LLM of course trade in language tokens.
We can extend their behavior with front ends which convert other media types into such tokens.
But we can do better with multimodal models which are trained directly on other inputs. E.g. integrating image classifiers with language models architecturally.
With those one can sort of understand time-based media, by sampling a stream and getting e.g. transcripts.
But again, it's even better to build a time-base multimodal models, which directly ingests time-based media rather than sampling. (Other architectures than transformers are going to be required to do this well IMO...)
The bootstrapping continues.

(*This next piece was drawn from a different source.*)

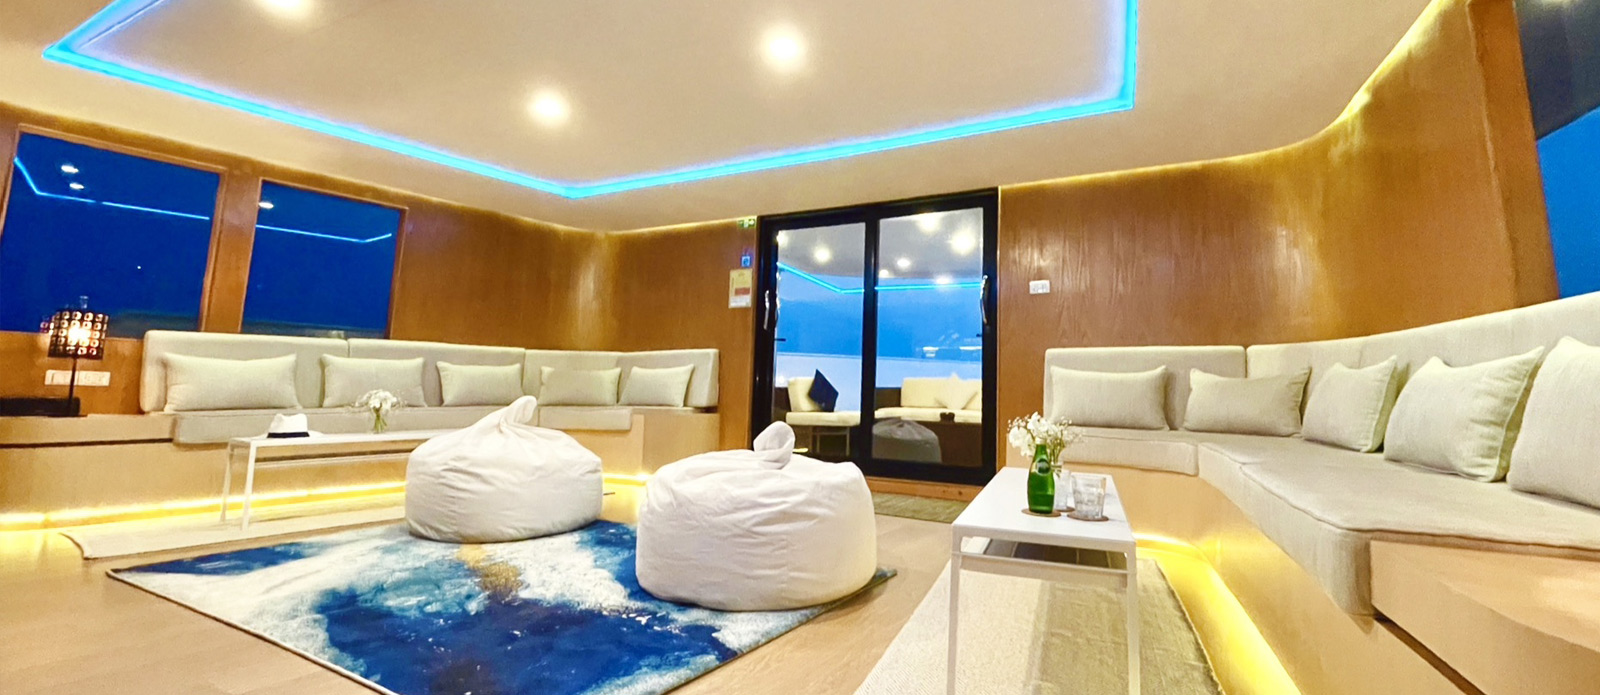 Safira-Luxury-Yacht-For-Sale-Interior-4

This work is about training models to understand world and object properties by introducing agency.
Significant footnote: implicitly models trained to interact with the world necessarily have a "self model" which interacts with the "world model." Presumably they are trained to preserve their expensive "self." Hmmmmm....
When we have a model that knows about things not just as nodes in a language graph but also how such things look, and sound, and moves, and "feel" (how much mass do they have, how do they move, etc.)...
...well, that is approaching indistinguishable from one of us, at least wrt embodiment and agency.